Глава 11 Желание славы

Утром Авилов, собрав всю волю в кулак, решил навестить Наташу. Она казалась равнодушной, и ему не обрадовалась, даже наоборот. Увидев, как будто с усилием вспомнила, что он существует на белом свете, и воспоминание оказалось неприятным. Он выложил из пакета провизию, на которую она даже не взглянула.

— Где ты пропадал?

— Отравился грибами. Чуть не умер.

Наташа знала об этом из рассказов медсестры, ездившей на вызов. Как рыдала Нина, вцепившись в больного, как писала расписку, что отвечает за последствия. А кто она такая, возмущалась сестра, даже не родственница, знахарка… Эта картина стояла перед глазами. Чужая женщина бьется за Сашину жизнь, как за собственную, бесстыдно, ни в чем не сомневаясь. Кто дал ей право? Он?

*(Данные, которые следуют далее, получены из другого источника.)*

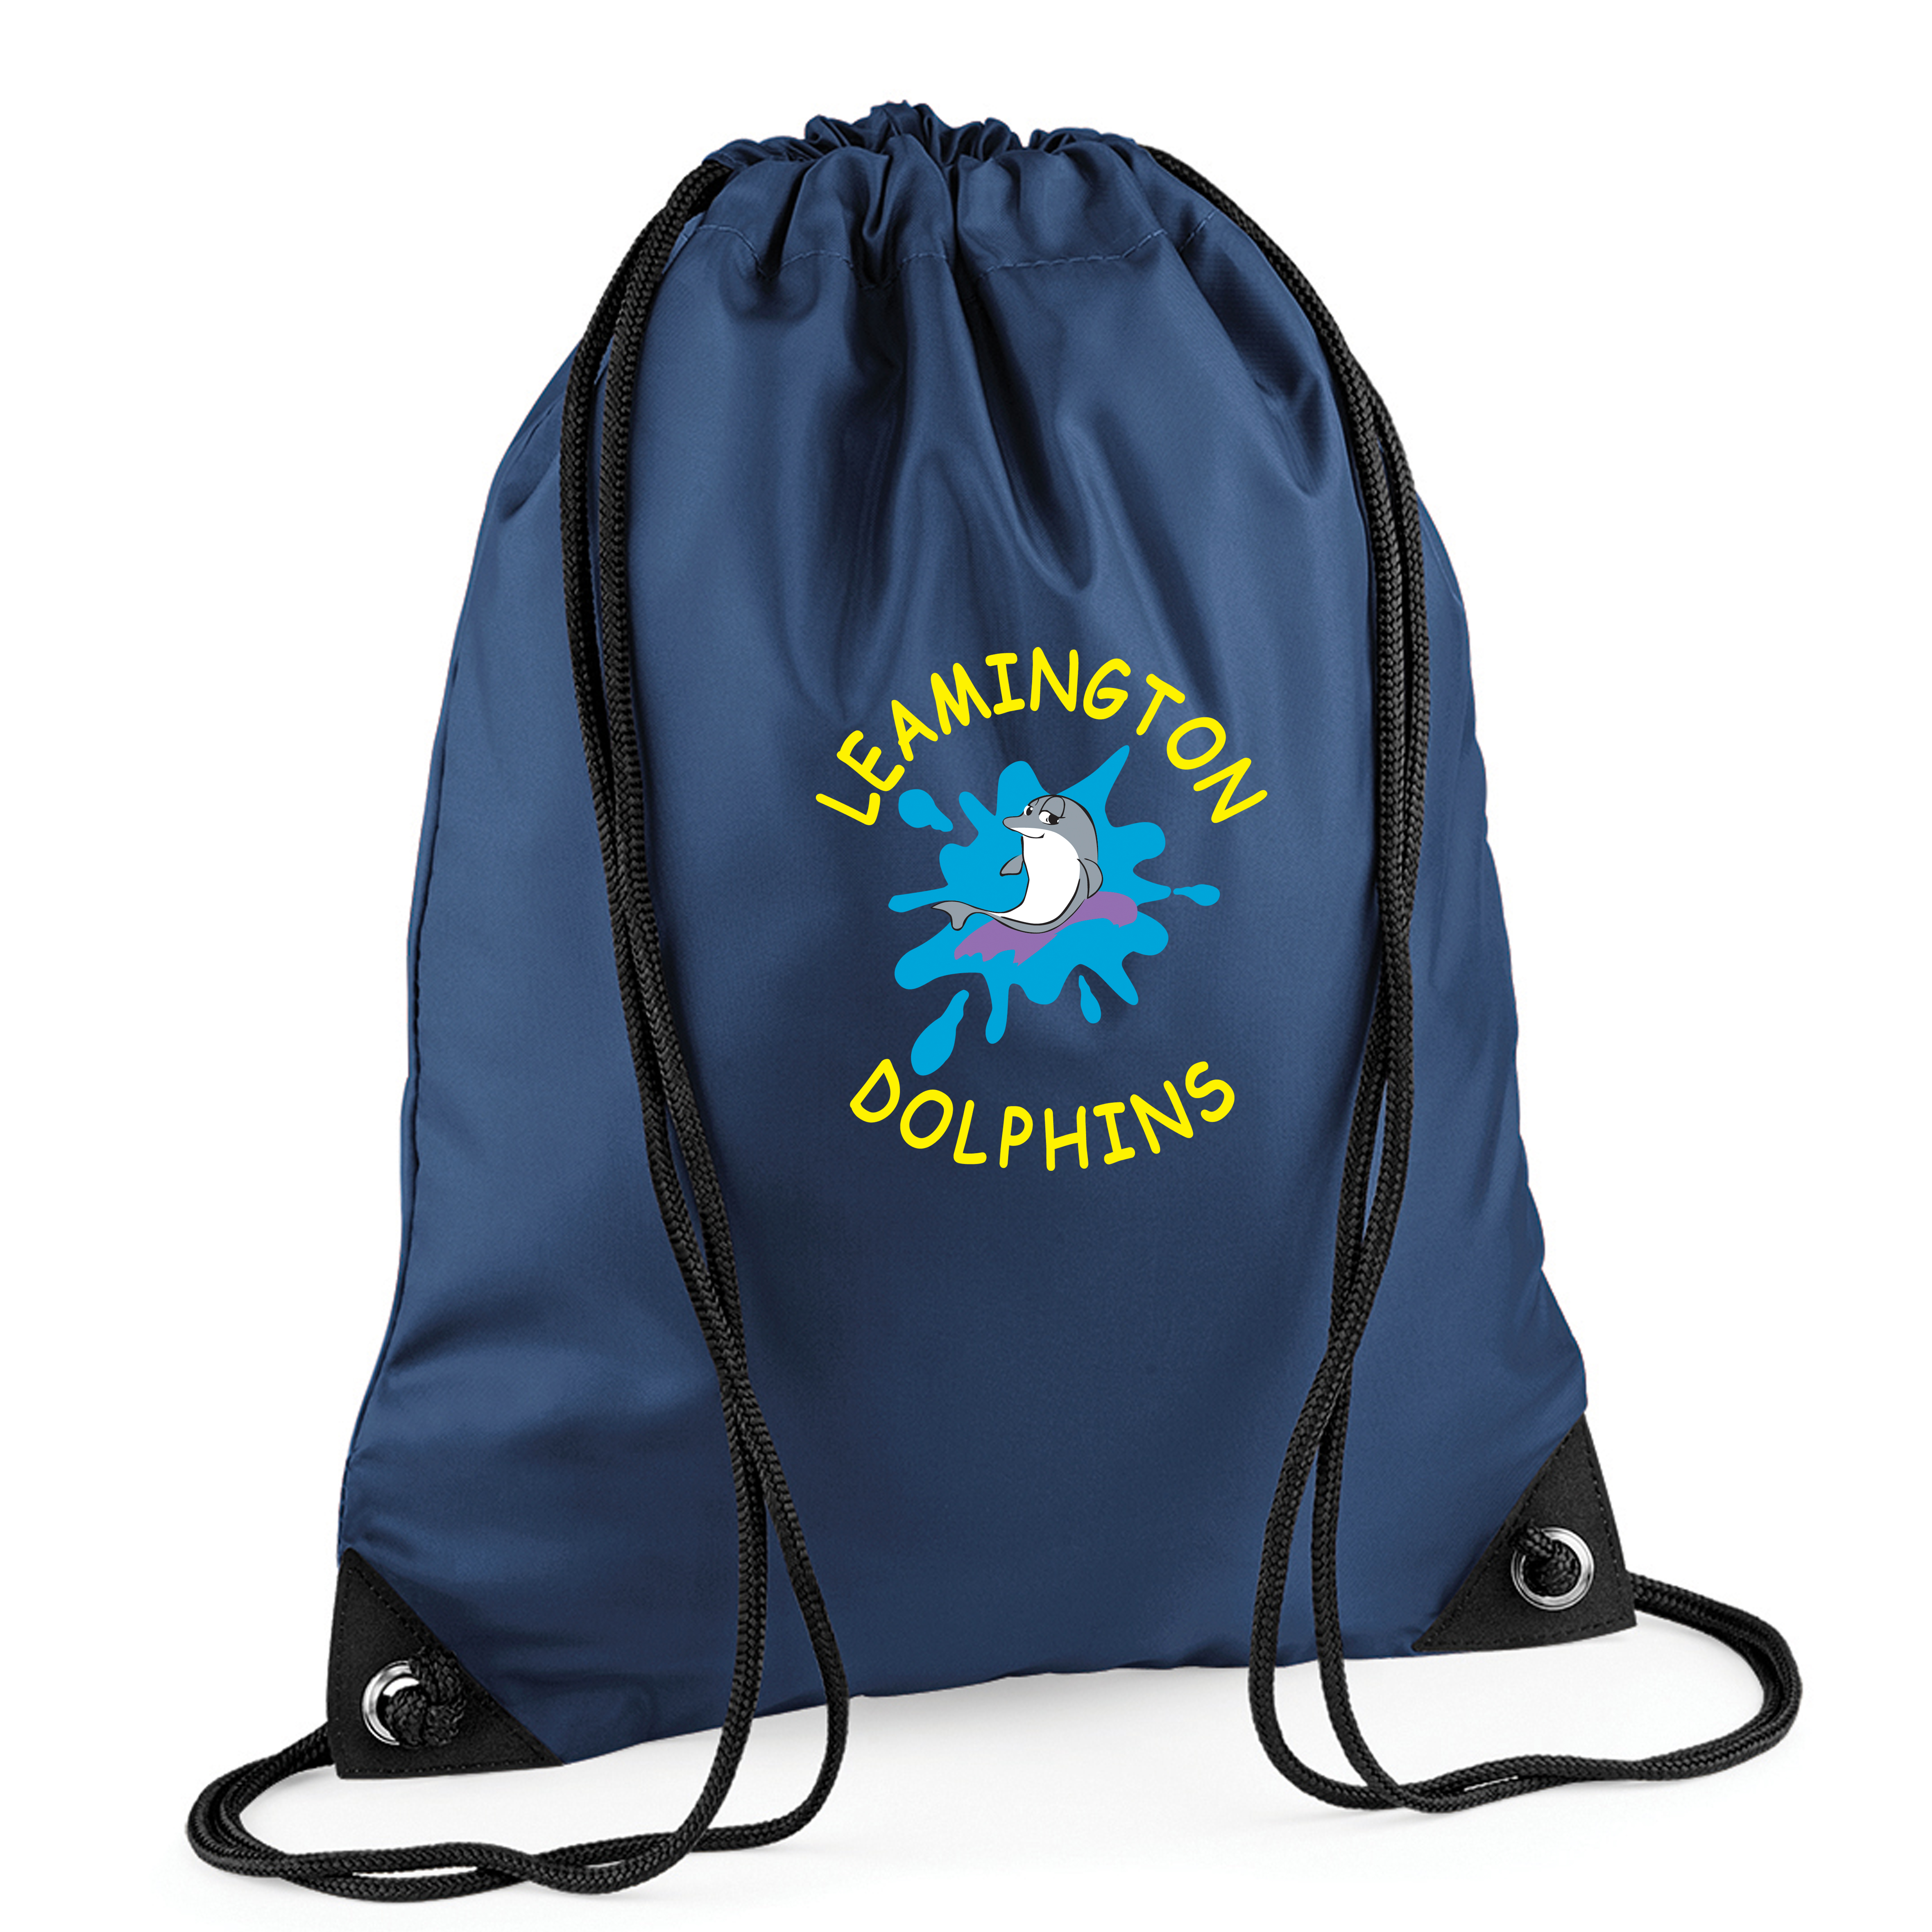 Dolphins Gymsack

— Выжил, и слава Богу. — Наташа отвернулась к окну.

— А ты как? Когда тебя выпишут? — он машинально вертел в руках сложенный до размеров конверта пластиковый пакет.

— Обещали на днях.

— И… что ты намерена делать?

— Не знаю. Ты все-таки меня бросил, не довез до моря.

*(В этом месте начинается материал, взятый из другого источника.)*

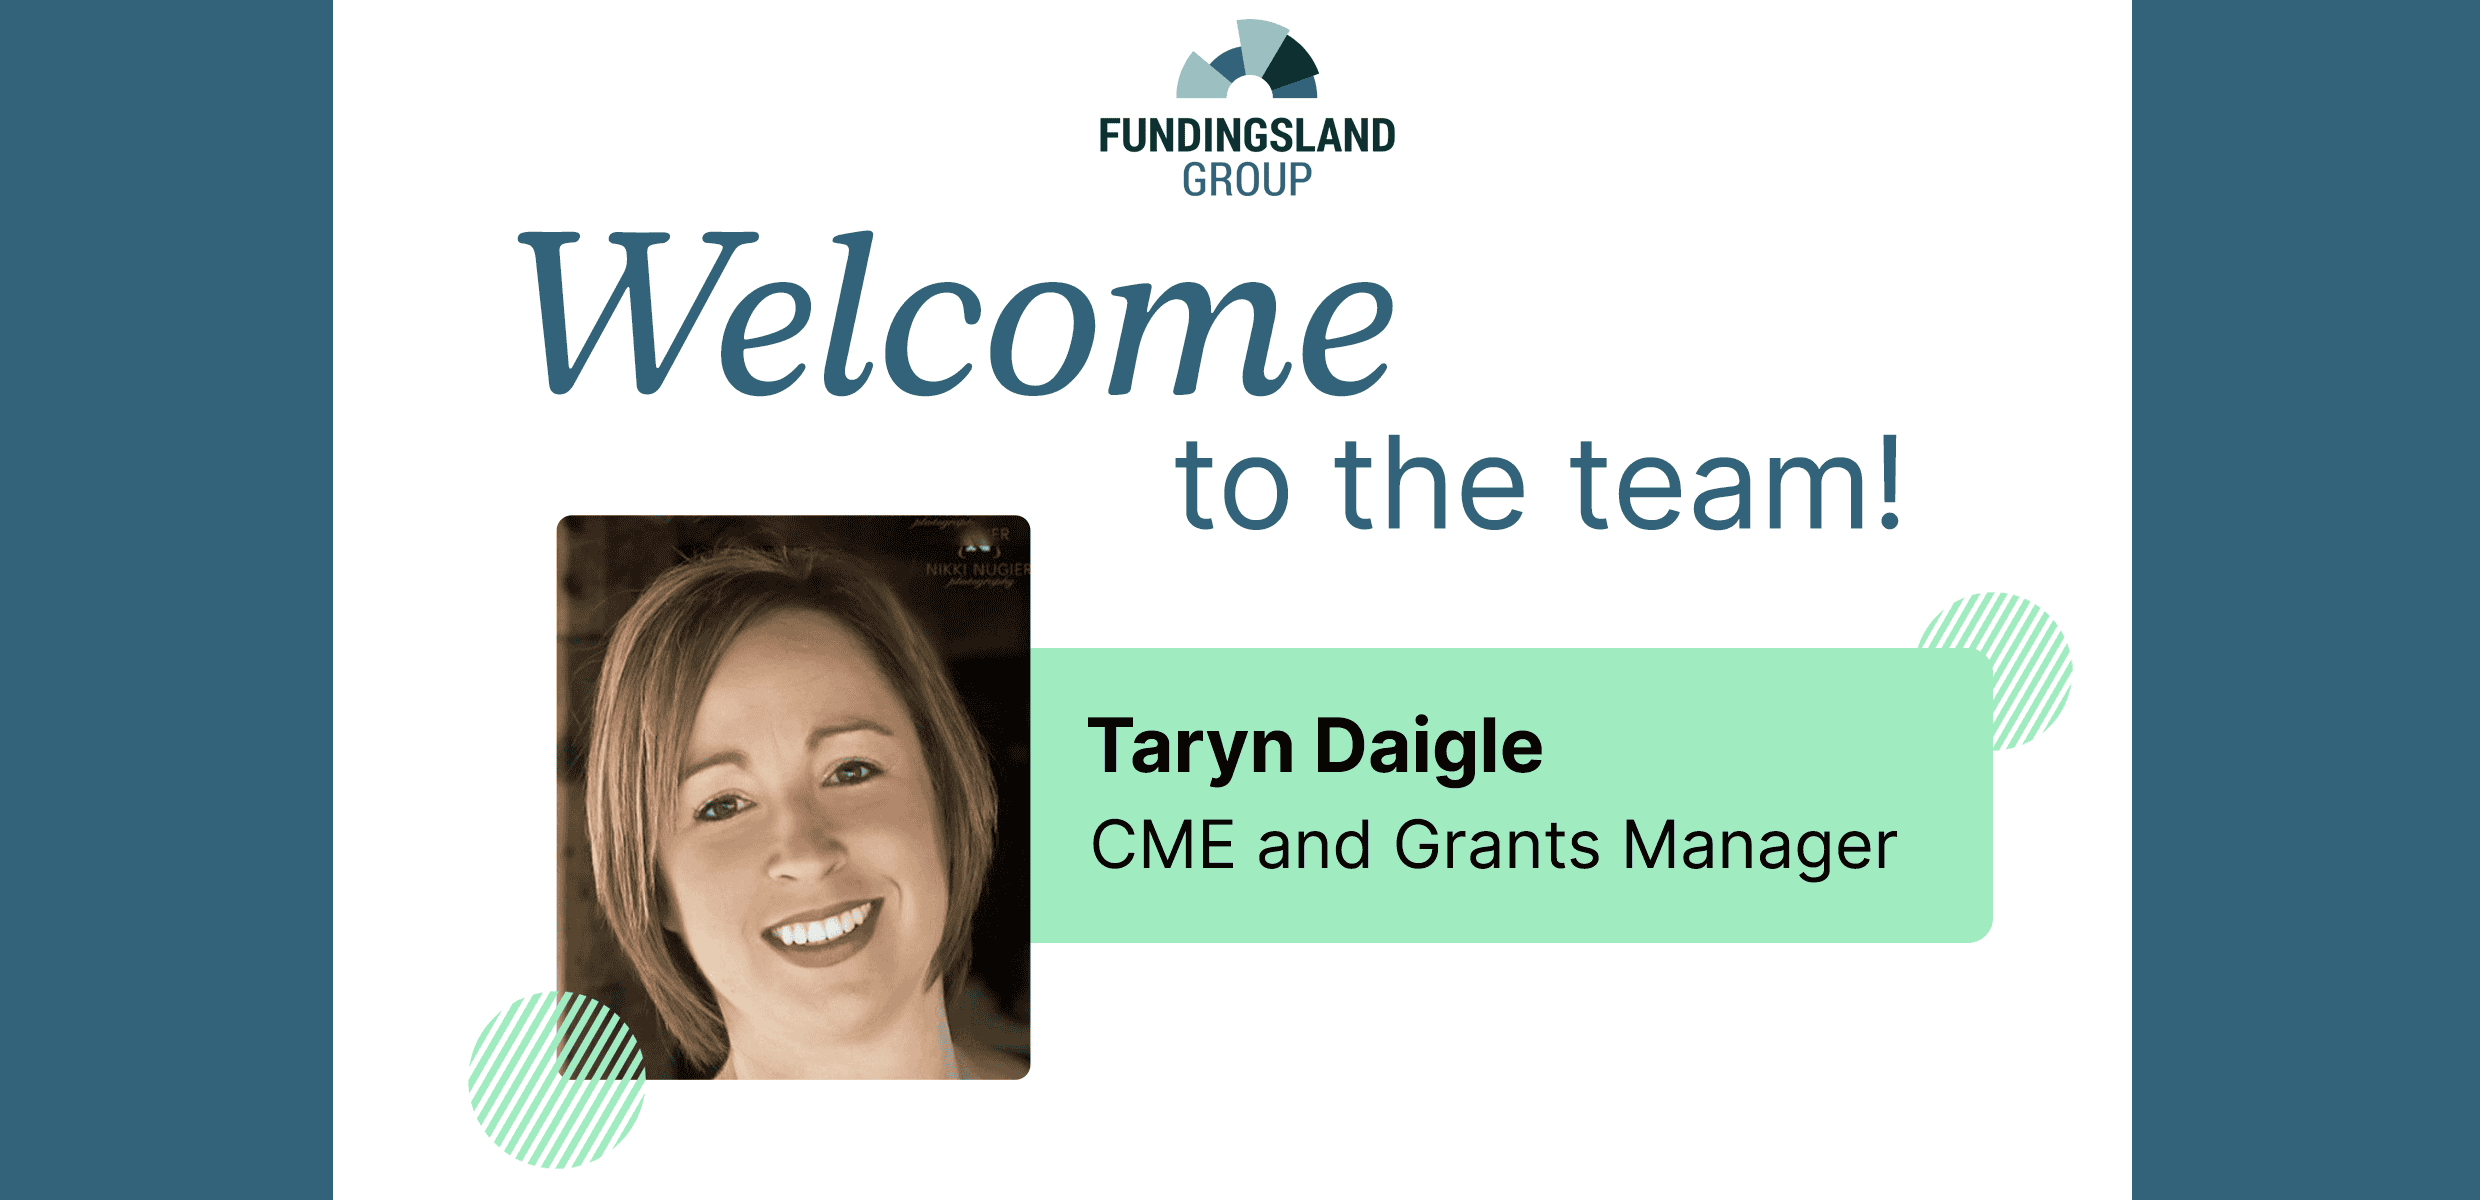 Welcome Taryn Daigle to Our Team!

— Так получилось. Я обязан жизнью этой женщине… — Наташа иронично пожала плечами.

— Все обязаны. Всех родили женщины.

— Похоже на то, — осторожно отступил Авилов. Наталья перевернулась на живот и зарылась носом в подушку. Спросила из глухого ватного далека:

— Что ты в ней нашел? Провинциальная актриса в возрасте. Последний шанс.

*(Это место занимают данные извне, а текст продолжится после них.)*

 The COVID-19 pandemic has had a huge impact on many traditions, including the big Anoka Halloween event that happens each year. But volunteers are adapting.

— Только, не это. Не обсуждение сравнительных достоинств. Я тебя прошу… — он начал злиться.

— Почему нет?

— Это американское кино. Расставаться друзьями, как цивилизованные люди, и прочее… И тут же пачкать соперницу, судить-рядить… Это не для меня. Кто может, тот пусть, я не хочу. Если хочешь, до моря я тебя довезу.

— Будешь сидеть за рулем, мечтая о другой женщине?

— Но отвезу, как обещал.

— Сашка, ты такой… Не представляешь, что значит тебя потерять…

— Это трудно представить. Я не девушка. — Авилов опустил голову.

— Я тебе желаю хоть раз побывать в этой роли. Чтобы ты понял, каково это. — Авилов понял, что сейчас она заплачет, а этого он вынести не мог. Ему было невмоготу, как будто мохнатое рыло осы где-то близко. Он переступил с ноги на ногу и признался.

— Наташа… Рукопись у меня.

— Так и знала, что она окажется у тебя!

Она села и быстро заправила отросшие волосы за уши. Авилов взглянул — уши были треугольные, как у индусов привилегированной касты.

— Почему? — Он позволил себе чуть-чуть улыбнуться.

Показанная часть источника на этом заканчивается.